In QEMU decoding for instruction execution, and decoding for disassembly is slightly different and requires two separate functions to be provided per instruction. These extra functions are generated with `scripts/udb-to-trans.py`.
Lastly, some glue code needs to be generated to interface with the existing disassembler and fill out formatting information, this is generated by `scripts/udb-to-disas.py`.
### Control and Status Registers (CSRs)
Mapping from UDB CSRs to QEMU CSRs is done by `scripts/udb-to-csr.py` and produces code for defining/accessing CSRs along with extension and privilege mode checks.
### Instruction Tests
The main idea is to rely on the [KLEE](https://klee-se.org/) symbolic execution engine to collect tests for code coverage per-instruction. If dummy-branches are inserted to check for over-/underflow in overloaded operators (`cpp-templates/base-operators.h` with `KLEE_INPUT` and `OP_CHECK_OVERFLOW` defined), KLEE will produce tests covering these branches as well. This is the main procedure used to create edge case tests for arithmetic, load, store, and branching operations.

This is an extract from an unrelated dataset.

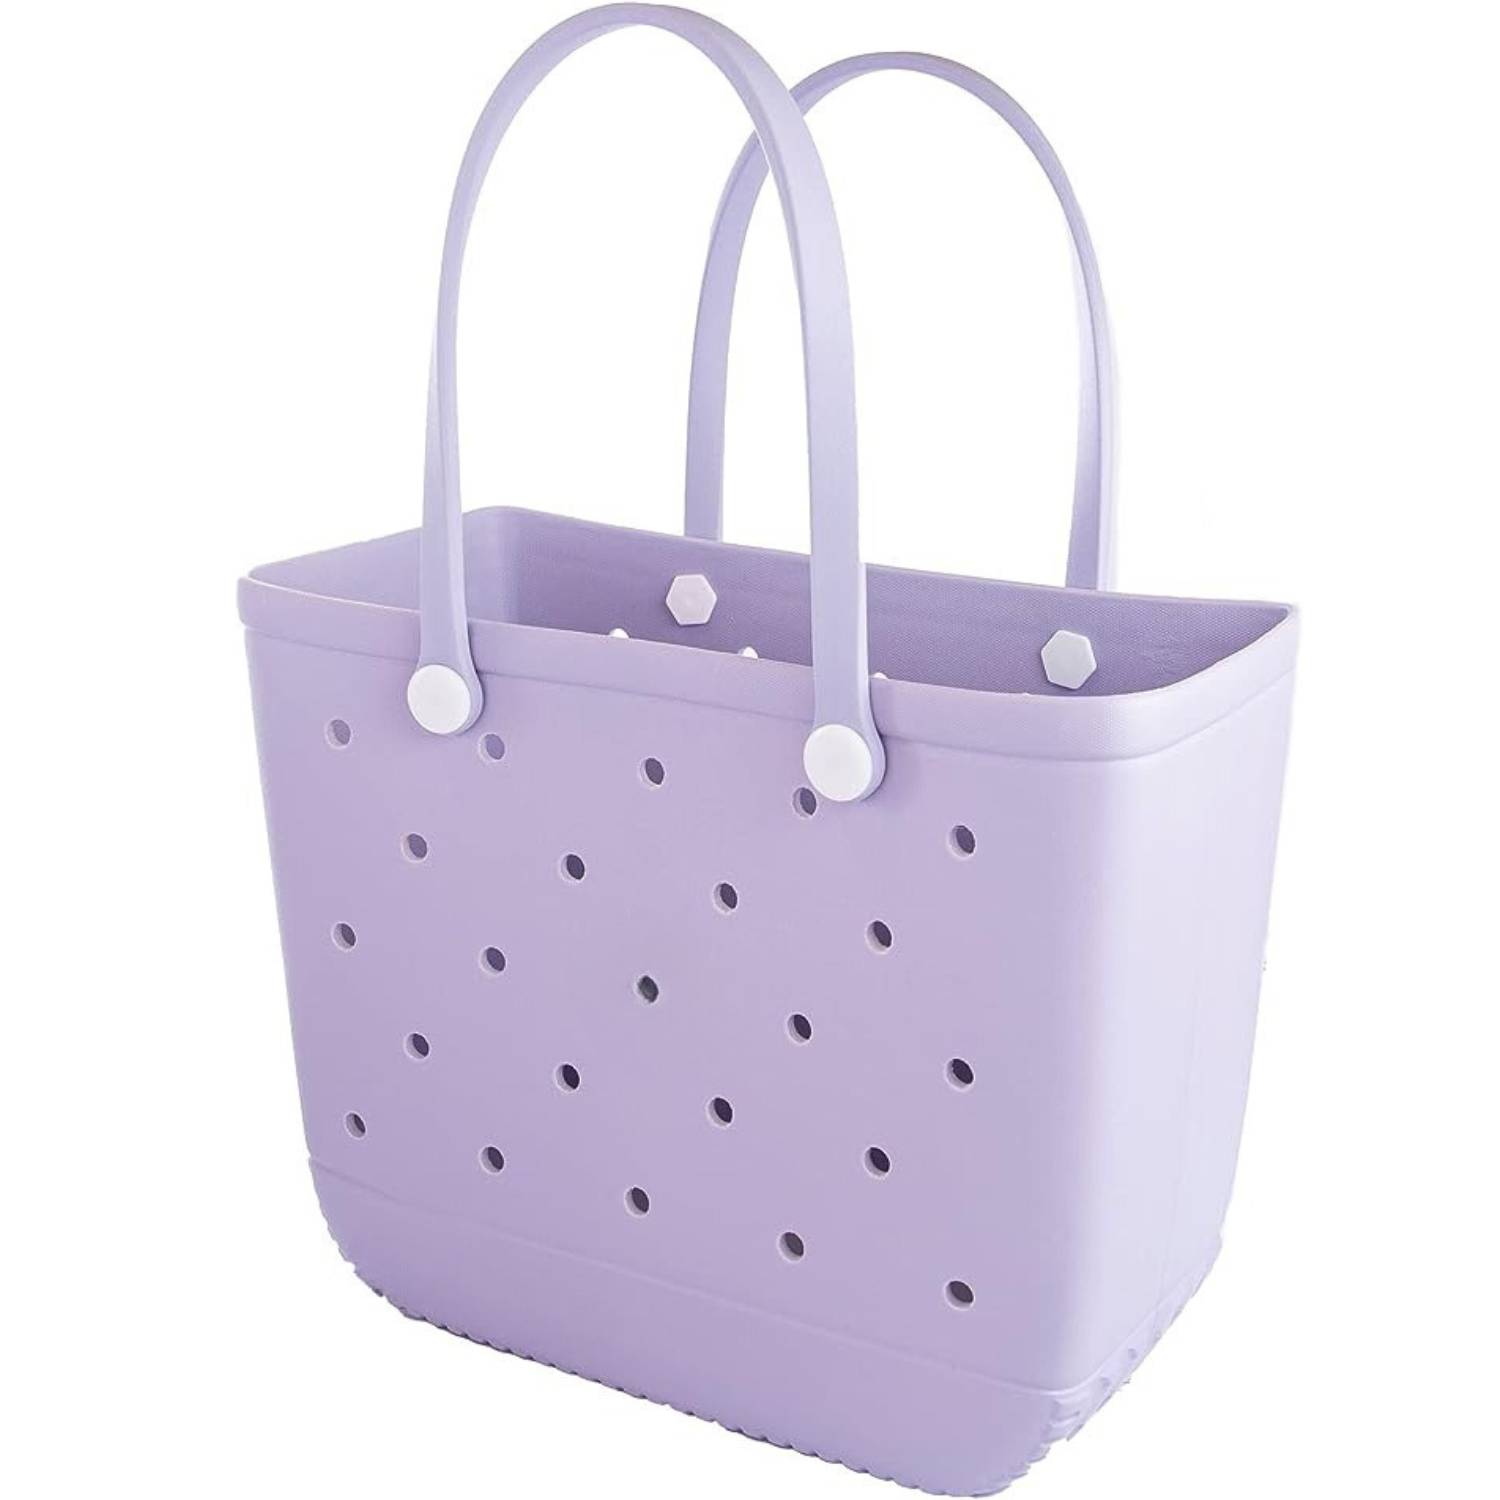 buy purple tote bag made of eva plastic

KLEE requires `LLVM IR` as input, which is generated from `scripts/udb-to-klee.py` to produce `C++` along with `clang++` for `LLVM IR`. Running KLEE on the `LLVM IR` produces tests for coverage, and running these tests produces a `YAML` file of expected inputs/outputs per instruction, which are later used to produce raw binary tests using `scripts/assemble.py` and `C` inline assembly tests using (`scripts/c.py`), the latter requires a toolchain with assembly support to actually use.